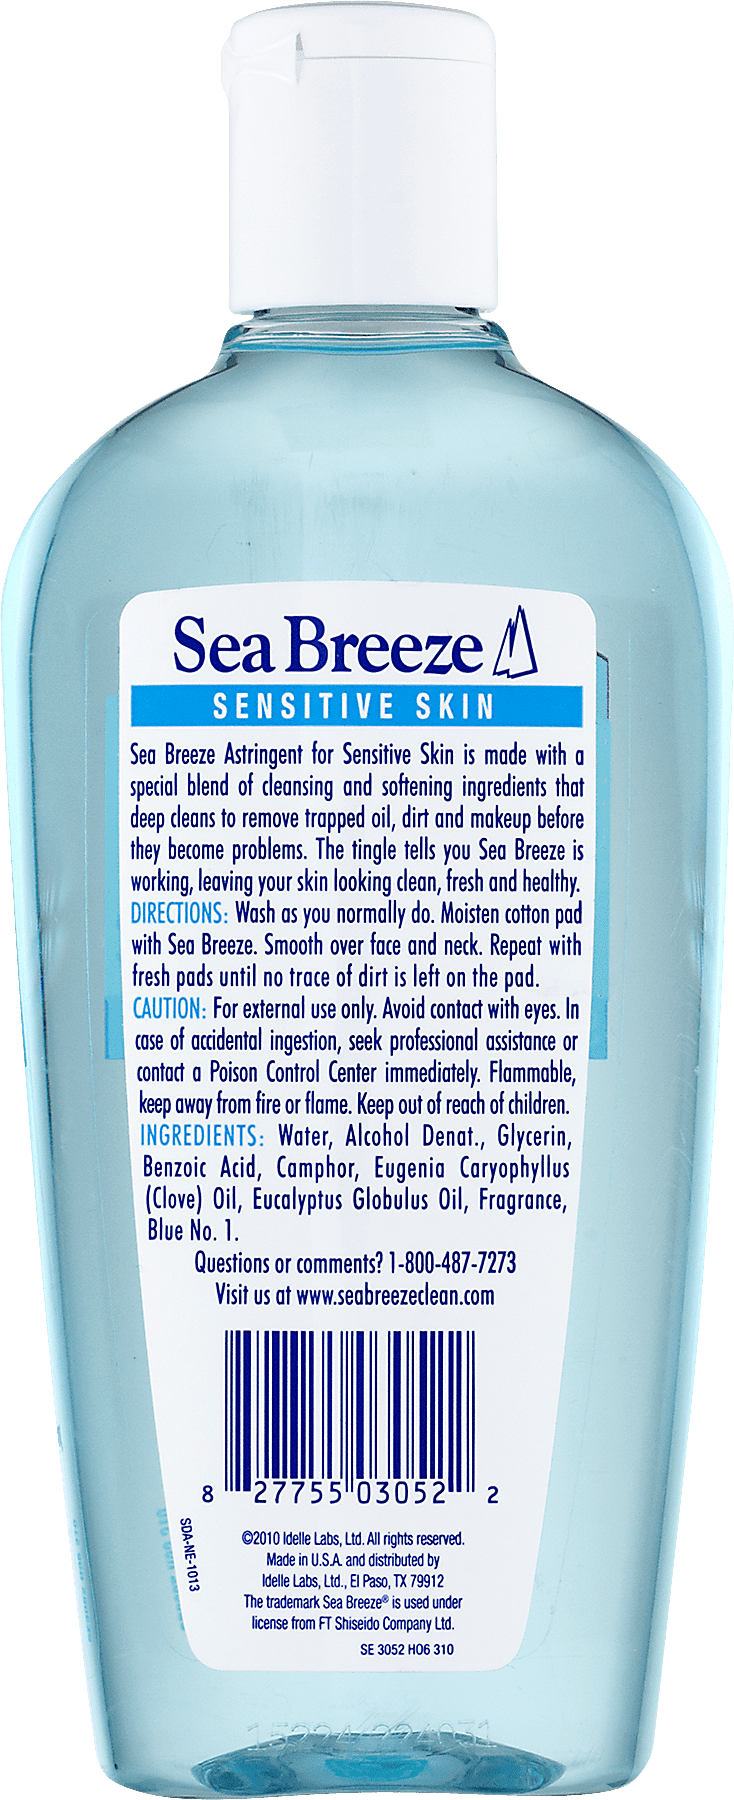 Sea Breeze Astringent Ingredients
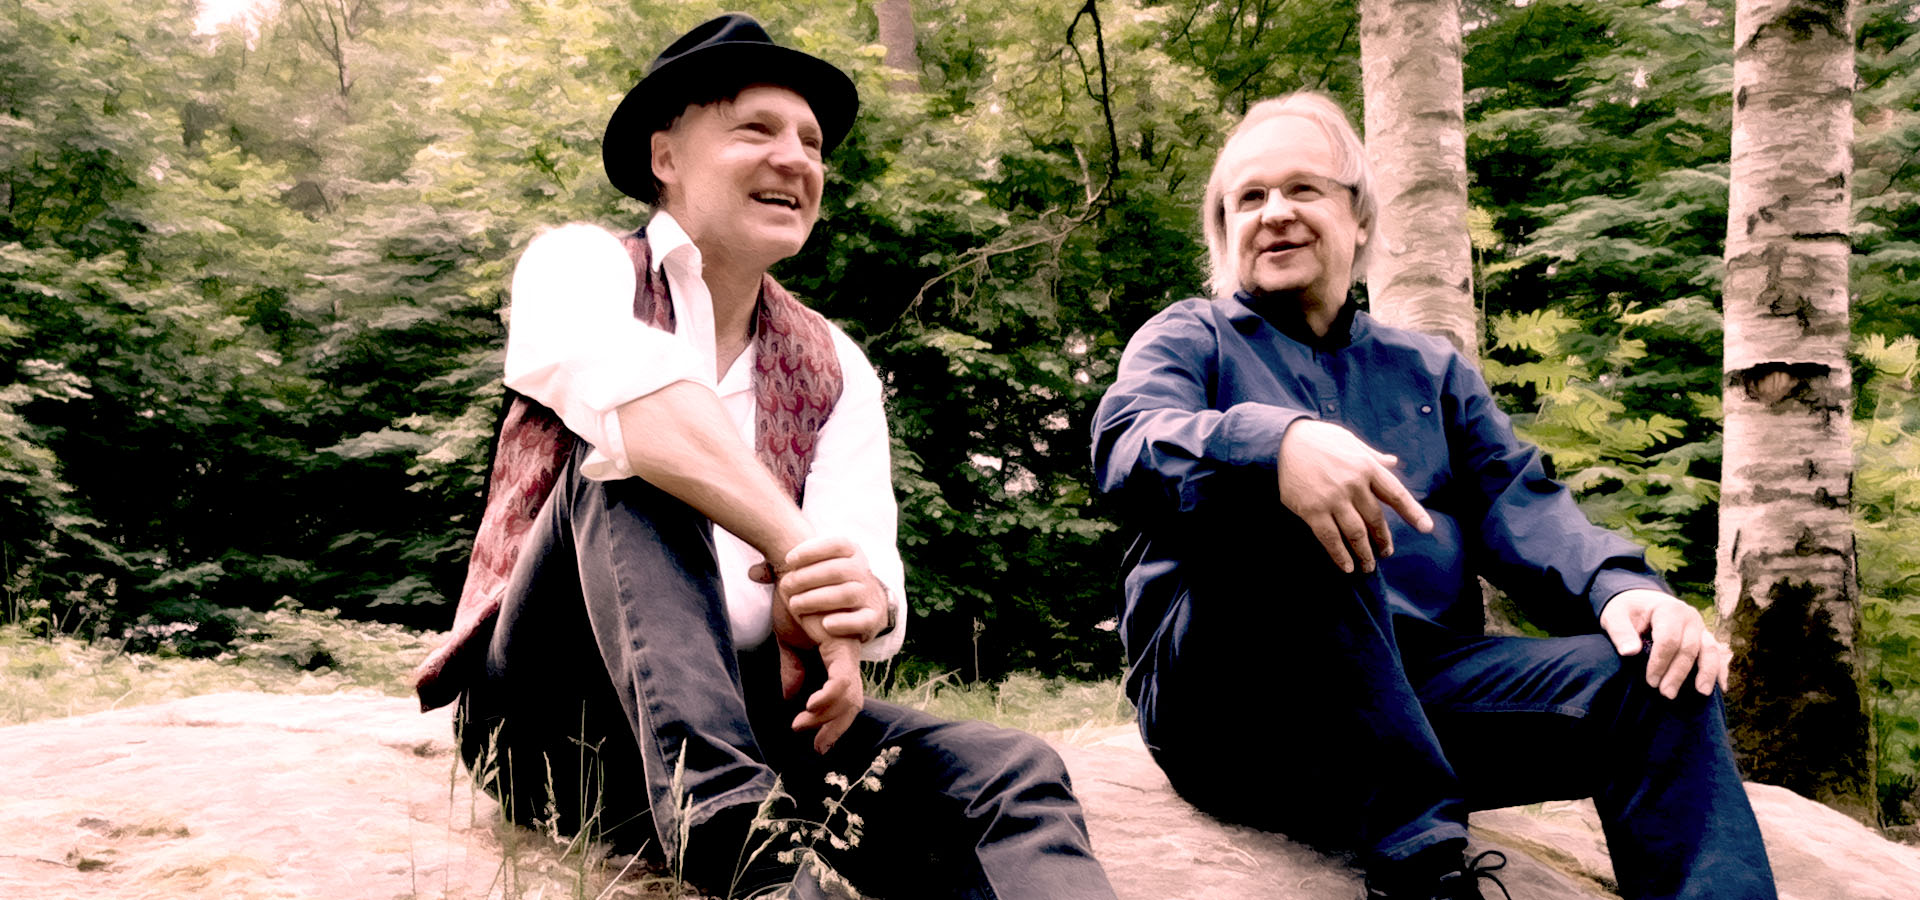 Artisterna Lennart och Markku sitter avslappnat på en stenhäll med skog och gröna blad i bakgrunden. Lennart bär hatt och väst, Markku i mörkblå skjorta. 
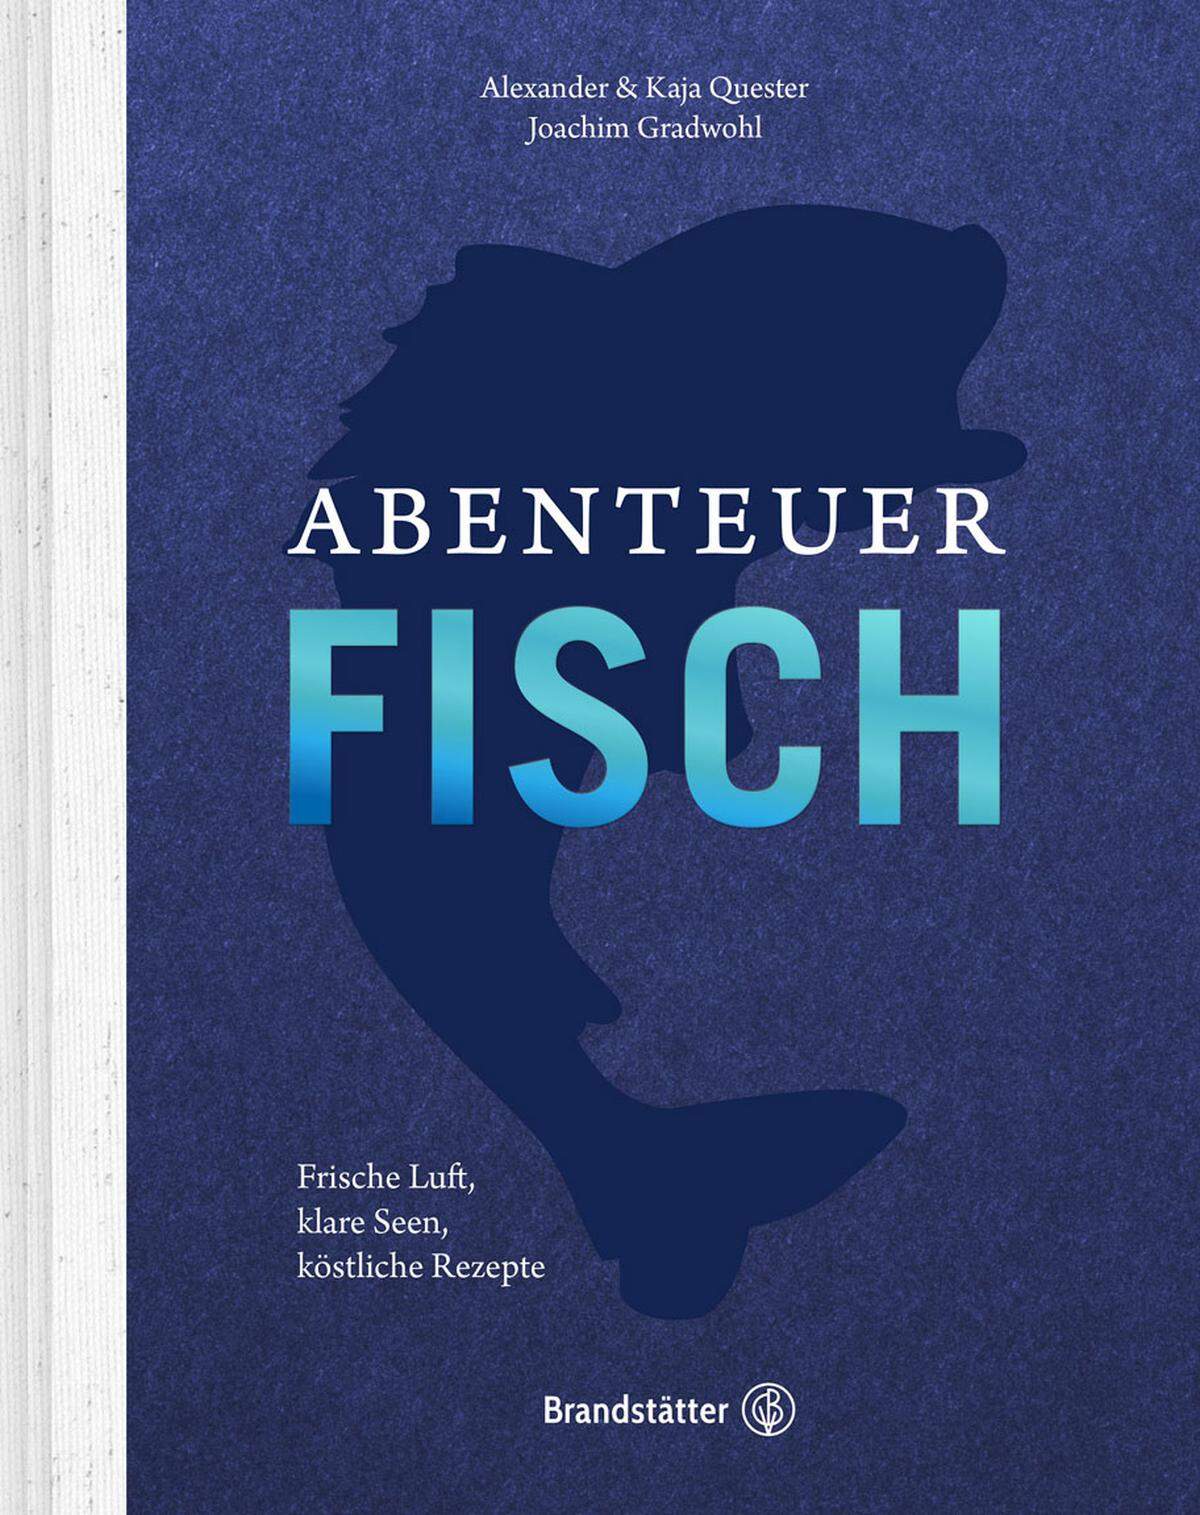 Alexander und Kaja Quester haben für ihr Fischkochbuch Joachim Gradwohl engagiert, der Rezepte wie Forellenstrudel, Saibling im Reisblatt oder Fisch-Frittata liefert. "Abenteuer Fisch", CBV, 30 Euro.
· · · · ·
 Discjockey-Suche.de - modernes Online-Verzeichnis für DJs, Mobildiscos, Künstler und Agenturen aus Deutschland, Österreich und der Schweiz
· · · · ·
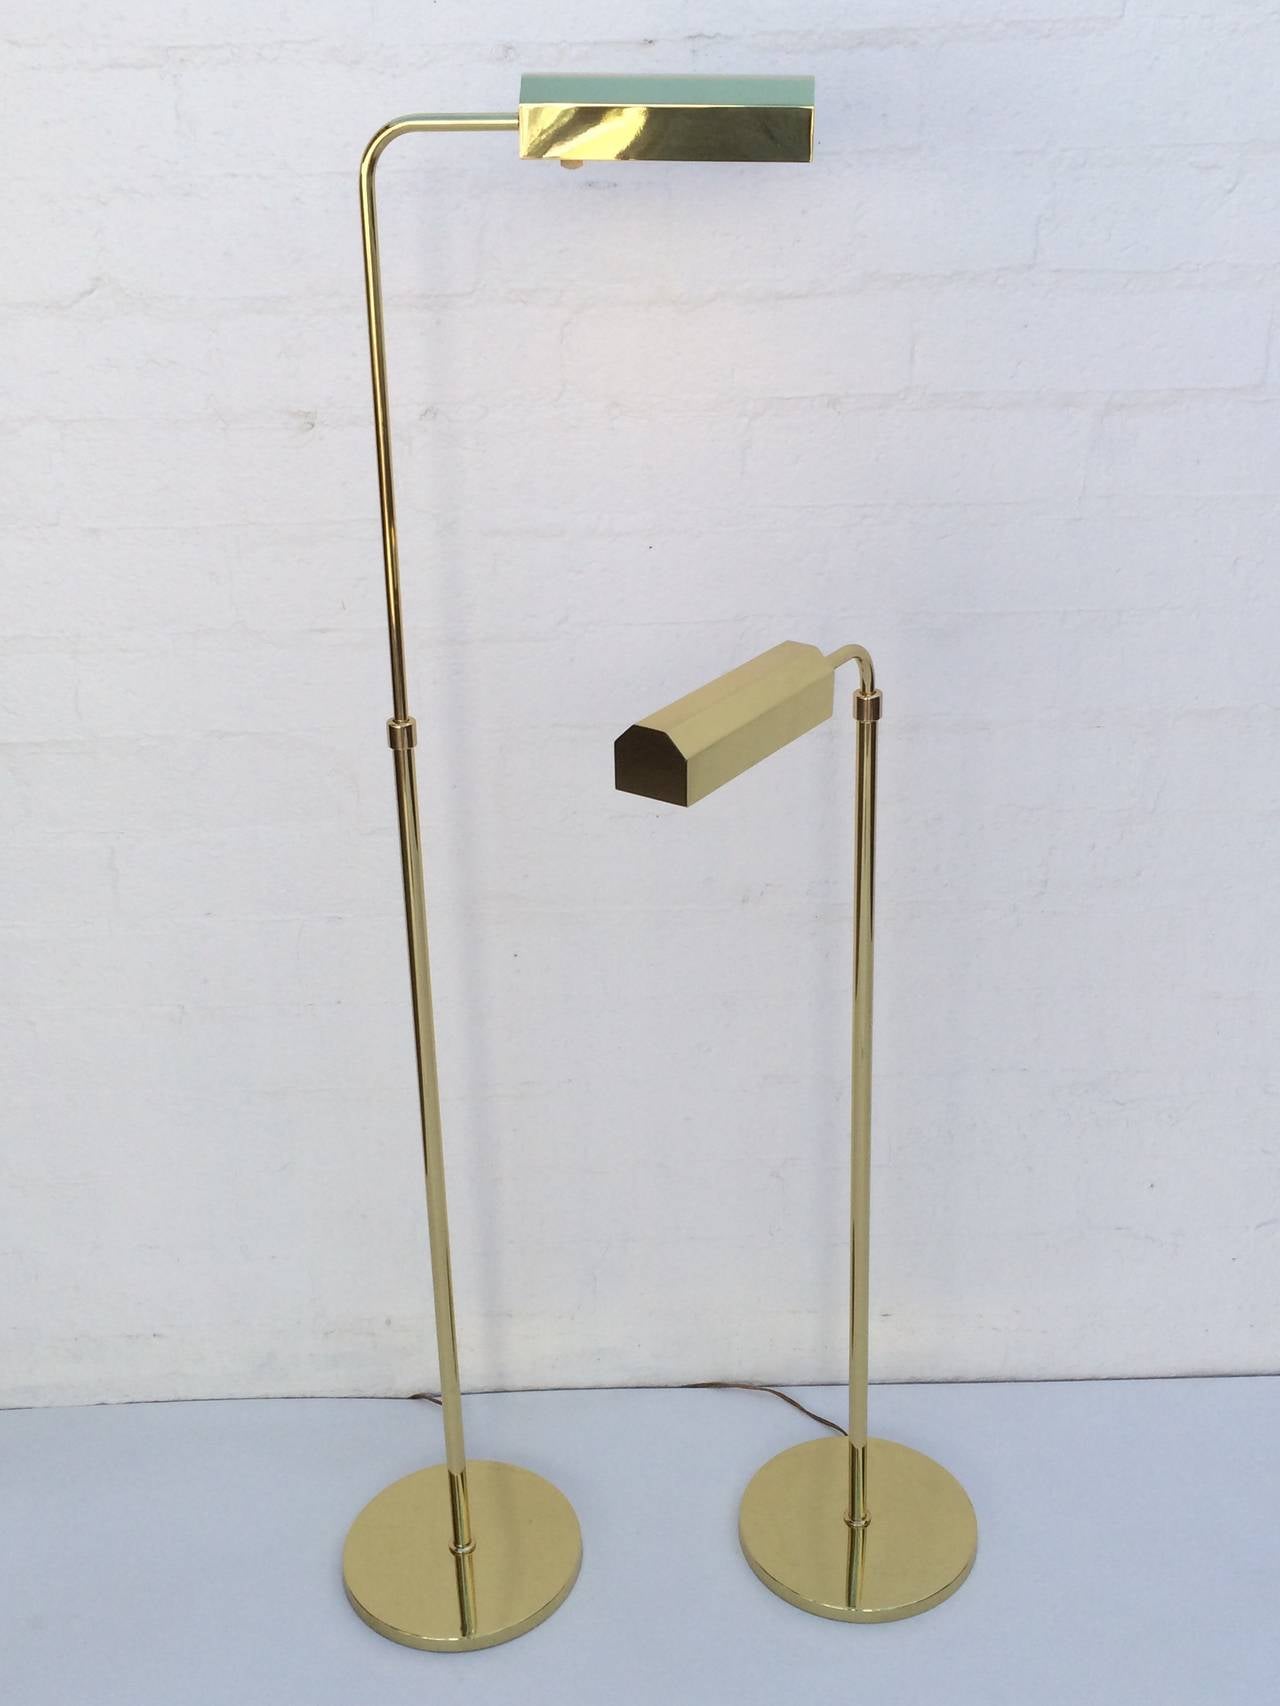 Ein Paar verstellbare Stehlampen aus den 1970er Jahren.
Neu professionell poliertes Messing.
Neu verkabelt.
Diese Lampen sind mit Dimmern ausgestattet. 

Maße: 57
· · · · ·
:: Required work ::
Starting at the line with "Sea Breeze Astringent Ingredients" and finishing at the line with "Alexander und Kaja", copy the material above exactly, both lines included. Nothing else goes in, and no pictures.

:: Result of this exercise ::
 Sea Breeze Astringent Ingredients
 Artisterna Lennart och Markku sitter avslappnat på en stenhäll med skog och gröna blad i bakgrunden. Lennart bär hatt och väst, Markku i mörkblå skjorta. 
 Alexander und Kaja Quester haben für ihr Fischkochbuch Joachim Gradwohl engagiert, der Rezepte wie Forellenstrudel, Saibling im Reisblatt oder Fisch-Frittata liefert. "Abenteuer Fisch", CBV, 30 Euro.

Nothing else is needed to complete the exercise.